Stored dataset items

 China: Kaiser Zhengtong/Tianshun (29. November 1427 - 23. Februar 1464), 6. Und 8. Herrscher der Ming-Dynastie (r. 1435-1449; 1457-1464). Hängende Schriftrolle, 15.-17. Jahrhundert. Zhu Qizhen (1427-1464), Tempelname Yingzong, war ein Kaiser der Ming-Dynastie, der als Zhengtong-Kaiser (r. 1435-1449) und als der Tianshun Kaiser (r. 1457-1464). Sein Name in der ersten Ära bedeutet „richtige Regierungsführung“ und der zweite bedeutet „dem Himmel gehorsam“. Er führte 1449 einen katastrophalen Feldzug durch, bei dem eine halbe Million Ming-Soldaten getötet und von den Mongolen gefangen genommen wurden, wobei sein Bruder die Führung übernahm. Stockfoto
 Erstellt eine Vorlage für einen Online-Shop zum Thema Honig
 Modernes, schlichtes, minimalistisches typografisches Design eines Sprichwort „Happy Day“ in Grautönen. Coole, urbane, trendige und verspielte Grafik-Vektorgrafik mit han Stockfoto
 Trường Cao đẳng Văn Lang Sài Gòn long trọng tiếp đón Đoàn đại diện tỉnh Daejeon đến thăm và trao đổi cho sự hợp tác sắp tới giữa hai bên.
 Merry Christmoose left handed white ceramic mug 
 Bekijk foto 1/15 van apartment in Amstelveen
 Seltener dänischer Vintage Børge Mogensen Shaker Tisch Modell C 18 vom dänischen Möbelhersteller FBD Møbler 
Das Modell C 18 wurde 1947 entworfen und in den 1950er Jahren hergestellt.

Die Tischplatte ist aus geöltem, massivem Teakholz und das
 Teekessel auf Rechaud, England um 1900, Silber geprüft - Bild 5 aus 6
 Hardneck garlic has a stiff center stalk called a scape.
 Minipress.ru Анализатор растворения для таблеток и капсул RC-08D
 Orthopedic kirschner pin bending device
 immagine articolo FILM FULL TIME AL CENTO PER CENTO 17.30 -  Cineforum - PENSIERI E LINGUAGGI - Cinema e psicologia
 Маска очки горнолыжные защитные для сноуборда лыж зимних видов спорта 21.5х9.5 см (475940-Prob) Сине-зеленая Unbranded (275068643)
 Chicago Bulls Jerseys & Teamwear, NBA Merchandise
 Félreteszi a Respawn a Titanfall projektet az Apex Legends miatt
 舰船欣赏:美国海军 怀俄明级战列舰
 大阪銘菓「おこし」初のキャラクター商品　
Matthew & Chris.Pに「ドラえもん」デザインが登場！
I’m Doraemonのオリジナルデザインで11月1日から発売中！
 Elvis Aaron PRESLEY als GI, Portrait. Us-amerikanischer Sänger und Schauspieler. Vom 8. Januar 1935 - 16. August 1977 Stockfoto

__Your assignment__: Looking at the data above, return every line from the one with "immagine articolo FILM" down to the one with "Chicago Bulls Jerseys", exactly and inclusively.

__Answer section__:
 immagine articolo FILM FULL TIME AL CENTO PER CENTO 17.30 -  Cineforum - PENSIERI E LINGUAGGI - Cinema e psicologia
 Маска очки горнолыжные защитные для сноуборда лыж зимних видов спорта 21.5х9.5 см (475940-Prob) Сине-зеленая Unbranded (275068643)
 Chicago Bulls Jerseys & Teamwear, NBA Merchandise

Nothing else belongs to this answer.